Ensemble-based Uncertainty Quantification Method for Fractured Reservoirs

Omar Al-Hinai, Jing Ping, Mary F. Wheeler

Reservoir production management and optimization requires the characterization of the uncertainty in reservoir description. For fractured reservoirs, the connectivity of fracture distributions is crucial for predicting production characteristics. In this case, since the rock property fields are highly non-Gaussian, a method that combines vector-based level-set parameterization technique and ensemble Kalman filter (EnKF) or estimating fracture distributions is developed. The mimetic finite differences approach is utilized as forward model.

Mimetic finite differences approach

Modeling fluid flow through fracture networks is challenging due to the geometric characteristics of fractures. Subsurface fractures are thin inclusions with large surface areas that can intersect in random configurations. Using traditional hexahedral or tetrahedral mesh generation is not a tenable option, as it is difficult to maintain mesh quality and reasonable number elements. In addition, the context of uncertainty quantification adds further challenges. Correctly sampling realizations requires the ability to select uniformly from the space of possible configurations. This means that a very large space of possible fracture configurations is to be modeled without user intervention.
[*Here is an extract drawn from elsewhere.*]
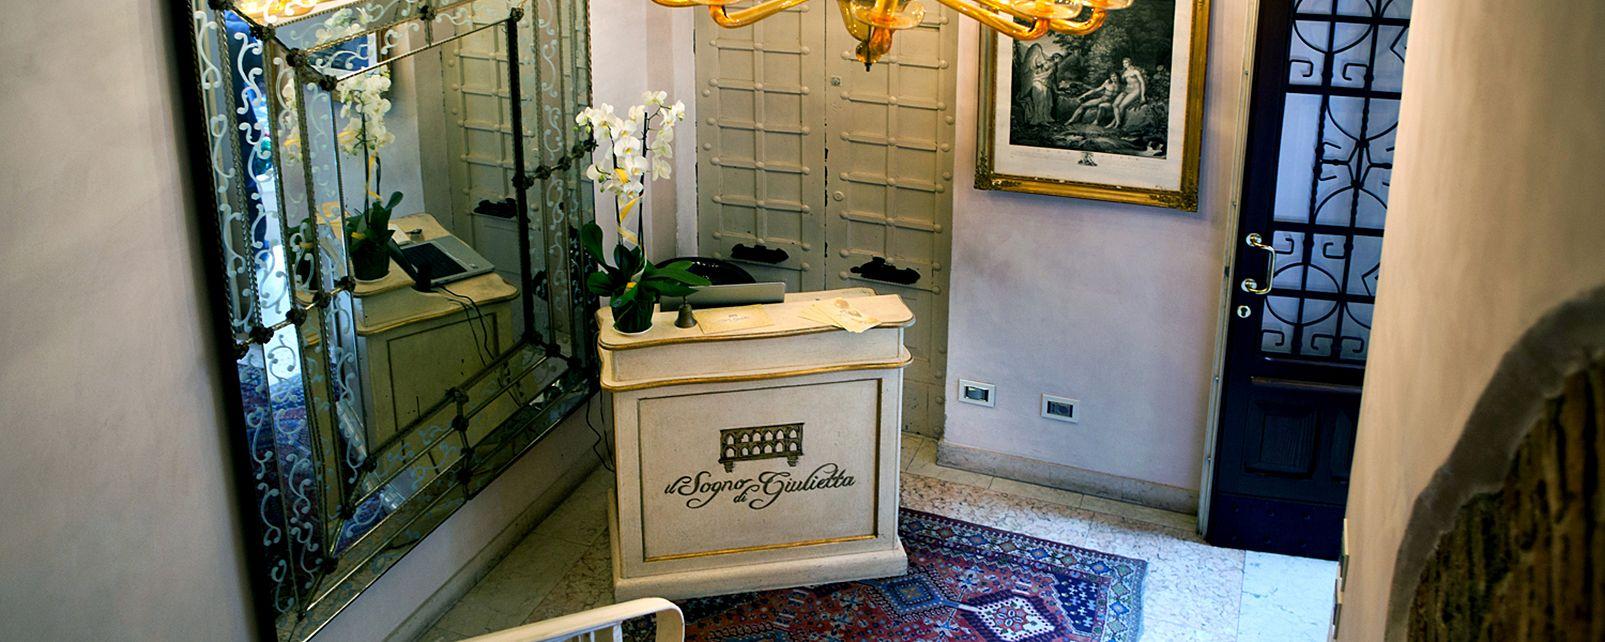 Hôtel Il sogno di Giulietta

For these reasons, a different approach is needed. Our approach has been to circumvent traditional mesh generation by using methods that allow for general polyhedral elements. First, a baseline rectangular grid is generated over the computational domain. Then, using an in-house utility, simple polygon division operations incorporate the fracture into the mesh. The utility also allows for mesh quality enhancements through simple vertex shifting operations.  This produces a very fast and robust system for meshing complex fracture networks.

The meshes are then passed into Mimpy for forward modeling of the two-phase fluid system. Mimpy is a open source three dimensional implementation for solving two-phase flow equations through porous media. Mimpy uses the Mimetic Finite Difference method, which is a conservative technique similar to the Mixed Finite Element method and the Finite Volume method.
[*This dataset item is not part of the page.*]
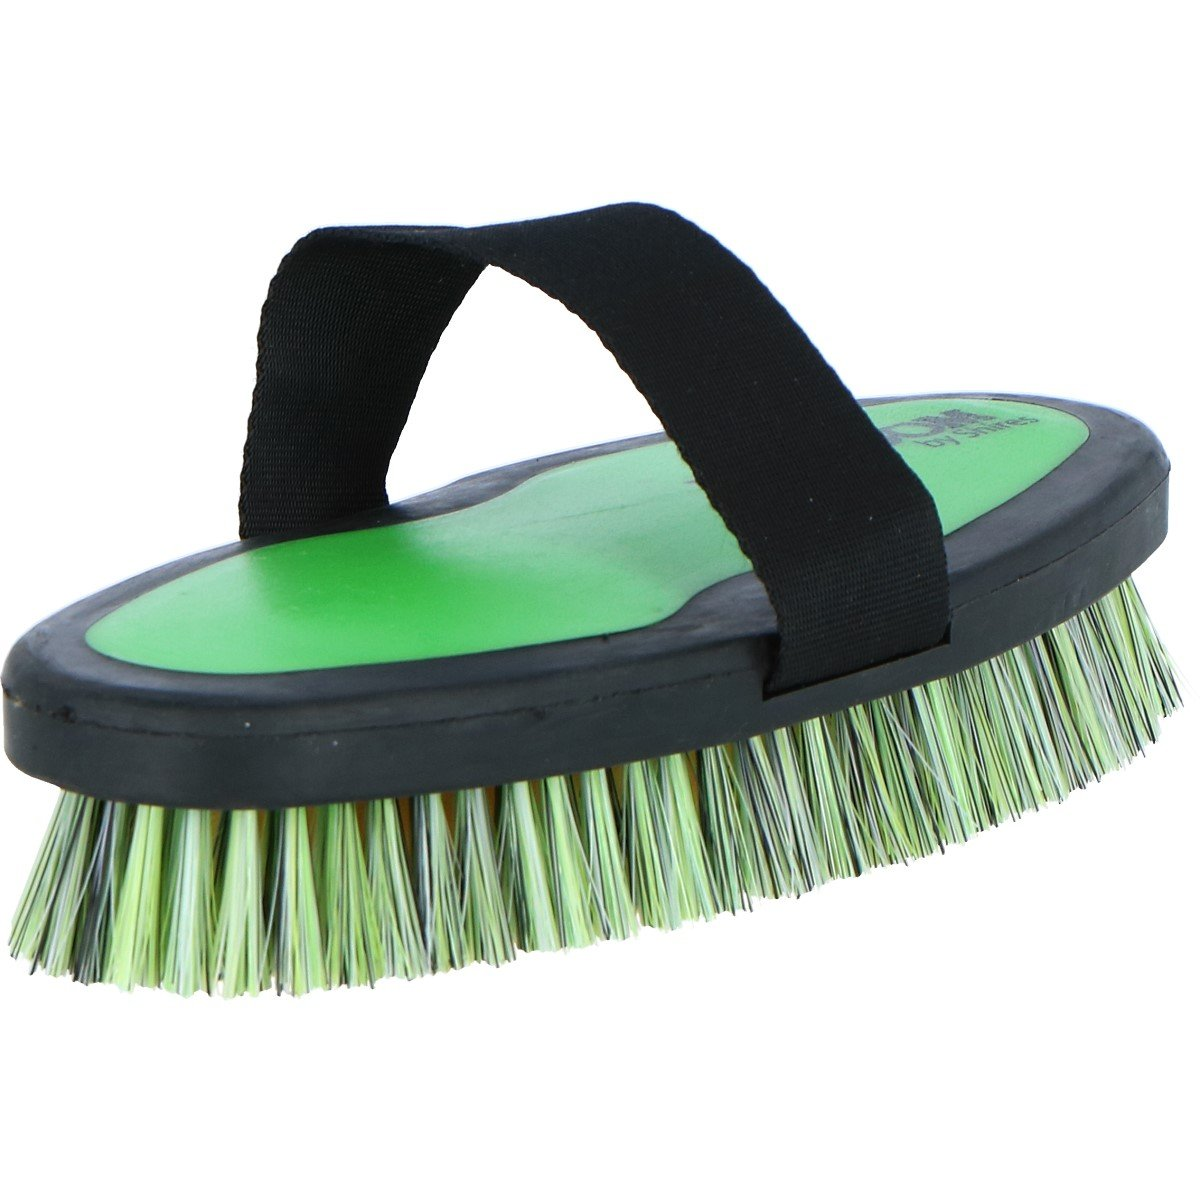 Imagem de Ezi Groom Body Wash Brush Lime Green L

Reference field for fractures and producers.

3D meshes

Parameterization using vector-based level-set method

For reservoirs with complex geology, a good estimation of the geological structures is very important for predicting and optimizing reservoir production. As the property fields of complex reservoirs are usually of bimodal or multimodal distributions, the Gaussian limitation is a major challenge for the application of the EnKF in the estimation of complex reservoirs [1, 2]. In order to improve the performance of the EnKF for highly non-Gaussian problems, we developed vector-based level-set parameterization method. The work is motivated by the method proposed in [3], in the sense that the level set function is applied as an indicator by which the facies fields can be transformed into smoother parameter fields. However, in the vector-based level set parameterization method, not only is the level set function used to describe the facies fields, a group of proper parameters combined with the level set function, which is called the parameter vector, is applied to depict complex shaped facies domains [4]. Compared to the original multimodal distributed parameters, the transformed parameters are in better agreement with the EnKF Gaussianity limitation, which can be updated using the standard EnKF. This approach is flexible. For different types of complex geology, different parameter vectors can be used to describe the features of the reservoirs appropriately.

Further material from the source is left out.